═════ EXERCISE INPUT ═════

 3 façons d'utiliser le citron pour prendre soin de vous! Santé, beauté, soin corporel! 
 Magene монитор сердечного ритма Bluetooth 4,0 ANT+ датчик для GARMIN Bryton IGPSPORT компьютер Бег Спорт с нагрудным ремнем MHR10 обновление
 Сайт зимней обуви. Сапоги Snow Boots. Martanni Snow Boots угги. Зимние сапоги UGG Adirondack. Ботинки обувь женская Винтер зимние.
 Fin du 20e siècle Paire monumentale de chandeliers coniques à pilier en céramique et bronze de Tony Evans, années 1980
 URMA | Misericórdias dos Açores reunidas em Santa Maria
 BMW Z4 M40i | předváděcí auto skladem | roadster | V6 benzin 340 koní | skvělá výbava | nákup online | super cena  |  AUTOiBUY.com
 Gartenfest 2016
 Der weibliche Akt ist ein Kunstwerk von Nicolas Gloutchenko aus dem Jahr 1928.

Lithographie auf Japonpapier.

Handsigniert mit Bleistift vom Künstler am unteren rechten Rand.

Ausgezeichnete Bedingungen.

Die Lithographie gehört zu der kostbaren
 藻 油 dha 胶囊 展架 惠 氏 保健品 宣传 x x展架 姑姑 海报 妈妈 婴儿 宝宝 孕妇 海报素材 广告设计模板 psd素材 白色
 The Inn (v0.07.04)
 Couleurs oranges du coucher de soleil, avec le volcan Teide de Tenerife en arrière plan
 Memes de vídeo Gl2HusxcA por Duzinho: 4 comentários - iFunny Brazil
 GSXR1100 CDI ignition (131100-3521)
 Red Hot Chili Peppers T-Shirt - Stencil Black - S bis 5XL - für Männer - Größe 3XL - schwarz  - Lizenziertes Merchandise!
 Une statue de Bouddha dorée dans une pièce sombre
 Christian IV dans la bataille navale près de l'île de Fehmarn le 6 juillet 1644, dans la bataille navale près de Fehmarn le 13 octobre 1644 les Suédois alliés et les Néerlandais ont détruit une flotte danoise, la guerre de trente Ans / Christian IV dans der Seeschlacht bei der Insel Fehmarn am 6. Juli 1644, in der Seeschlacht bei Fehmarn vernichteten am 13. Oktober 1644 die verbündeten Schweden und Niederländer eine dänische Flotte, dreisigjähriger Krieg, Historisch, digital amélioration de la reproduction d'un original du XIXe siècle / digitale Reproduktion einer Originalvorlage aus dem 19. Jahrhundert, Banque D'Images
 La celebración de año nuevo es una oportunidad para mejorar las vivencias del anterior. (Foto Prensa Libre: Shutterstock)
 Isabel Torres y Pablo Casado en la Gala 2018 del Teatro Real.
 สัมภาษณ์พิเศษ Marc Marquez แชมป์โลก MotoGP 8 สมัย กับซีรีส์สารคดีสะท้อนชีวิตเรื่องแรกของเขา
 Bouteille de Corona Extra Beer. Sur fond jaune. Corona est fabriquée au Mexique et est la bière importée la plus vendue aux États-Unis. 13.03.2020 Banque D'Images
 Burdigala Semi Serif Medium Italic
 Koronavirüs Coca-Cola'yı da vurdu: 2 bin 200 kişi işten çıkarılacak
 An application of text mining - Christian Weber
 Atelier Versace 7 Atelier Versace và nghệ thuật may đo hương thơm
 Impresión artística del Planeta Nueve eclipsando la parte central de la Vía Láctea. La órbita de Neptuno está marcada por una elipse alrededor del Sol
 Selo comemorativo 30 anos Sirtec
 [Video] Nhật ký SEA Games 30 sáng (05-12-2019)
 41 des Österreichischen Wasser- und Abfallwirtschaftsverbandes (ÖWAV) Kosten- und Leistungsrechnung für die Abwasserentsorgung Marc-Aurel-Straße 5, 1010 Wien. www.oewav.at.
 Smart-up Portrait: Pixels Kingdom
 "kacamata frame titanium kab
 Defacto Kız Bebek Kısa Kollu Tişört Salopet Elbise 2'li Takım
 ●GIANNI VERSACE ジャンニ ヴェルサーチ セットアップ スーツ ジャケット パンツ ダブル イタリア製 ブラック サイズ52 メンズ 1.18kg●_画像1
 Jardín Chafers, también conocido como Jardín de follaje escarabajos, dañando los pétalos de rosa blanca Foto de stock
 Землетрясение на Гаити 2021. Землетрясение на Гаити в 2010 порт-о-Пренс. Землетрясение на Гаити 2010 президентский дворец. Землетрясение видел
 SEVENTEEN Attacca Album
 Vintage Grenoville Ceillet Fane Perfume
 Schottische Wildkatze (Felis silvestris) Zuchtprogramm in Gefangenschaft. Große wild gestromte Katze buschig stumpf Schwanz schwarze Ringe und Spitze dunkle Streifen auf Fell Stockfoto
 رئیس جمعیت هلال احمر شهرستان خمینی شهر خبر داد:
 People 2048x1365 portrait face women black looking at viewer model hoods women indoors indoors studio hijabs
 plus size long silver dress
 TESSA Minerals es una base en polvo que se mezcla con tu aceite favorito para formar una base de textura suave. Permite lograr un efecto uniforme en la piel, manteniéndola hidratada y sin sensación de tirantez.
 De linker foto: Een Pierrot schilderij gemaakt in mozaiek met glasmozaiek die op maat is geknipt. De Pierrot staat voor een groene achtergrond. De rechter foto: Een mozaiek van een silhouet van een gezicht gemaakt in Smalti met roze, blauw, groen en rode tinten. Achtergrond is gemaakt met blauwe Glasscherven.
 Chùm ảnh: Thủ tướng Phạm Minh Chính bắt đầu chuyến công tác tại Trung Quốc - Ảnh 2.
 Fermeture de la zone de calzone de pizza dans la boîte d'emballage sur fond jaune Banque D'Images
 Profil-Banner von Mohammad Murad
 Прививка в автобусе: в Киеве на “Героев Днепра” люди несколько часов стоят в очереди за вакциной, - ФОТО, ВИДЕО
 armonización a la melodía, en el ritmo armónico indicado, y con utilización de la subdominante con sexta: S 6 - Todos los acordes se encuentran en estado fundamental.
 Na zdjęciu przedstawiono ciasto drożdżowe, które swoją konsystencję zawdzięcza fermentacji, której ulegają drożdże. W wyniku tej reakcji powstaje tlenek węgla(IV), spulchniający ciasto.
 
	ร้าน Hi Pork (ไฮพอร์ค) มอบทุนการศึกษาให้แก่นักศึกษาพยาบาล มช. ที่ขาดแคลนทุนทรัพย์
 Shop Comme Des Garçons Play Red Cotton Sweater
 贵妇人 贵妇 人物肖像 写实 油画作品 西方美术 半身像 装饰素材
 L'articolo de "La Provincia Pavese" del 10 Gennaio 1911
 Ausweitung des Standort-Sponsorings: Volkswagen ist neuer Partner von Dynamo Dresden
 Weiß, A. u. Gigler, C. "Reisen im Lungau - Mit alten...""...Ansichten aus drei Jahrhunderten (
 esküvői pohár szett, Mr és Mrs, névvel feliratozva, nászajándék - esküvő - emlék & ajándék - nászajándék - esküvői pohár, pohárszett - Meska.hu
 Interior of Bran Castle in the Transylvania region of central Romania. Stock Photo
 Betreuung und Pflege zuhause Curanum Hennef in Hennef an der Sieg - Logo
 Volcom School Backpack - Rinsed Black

═════

REQUIRED WORK:
Your answer should be the exact lines above from the one with "Ausgezeichnete Bedingungen." through the one with "La celebración de", both included, and nothing besides.

RESULT OF THE TASK:
Ausgezeichnete Bedingungen.

Die Lithographie gehört zu der kostbaren
 藻 油 dha 胶囊 展架 惠 氏 保健品 宣传 x x展架 姑姑 海报 妈妈 婴儿 宝宝 孕妇 海报素材 广告设计模板 psd素材 白色
 The Inn (v0.07.04)
 Couleurs oranges du coucher de soleil, avec le volcan Teide de Tenerife en arrière plan
 Memes de vídeo Gl2HusxcA por Duzinho: 4 comentários - iFunny Brazil
 GSXR1100 CDI ignition (131100-3521)
 Red Hot Chili Peppers T-Shirt - Stencil Black - S bis 5XL - für Männer - Größe 3XL - schwarz  - Lizenziertes Merchandise!
 Une statue de Bouddha dorée dans une pièce sombre
 Christian IV dans la bataille navale près de l'île de Fehmarn le 6 juillet 1644, dans la bataille navale près de Fehmarn le 13 octobre 1644 les Suédois alliés et les Néerlandais ont détruit une flotte danoise, la guerre de trente Ans / Christian IV dans der Seeschlacht bei der Insel Fehmarn am 6. Juli 1644, in der Seeschlacht bei Fehmarn vernichteten am 13. Oktober 1644 die verbündeten Schweden und Niederländer eine dänische Flotte, dreisigjähriger Krieg, Historisch, digital amélioration de la reproduction d'un original du XIXe siècle / digitale Reproduktion einer Originalvorlage aus dem 19. Jahrhundert, Banque D'Images
 La celebración de año nuevo es una oportunidad para mejorar las vivencias del anterior. (Foto Prensa Libre: Shutterstock)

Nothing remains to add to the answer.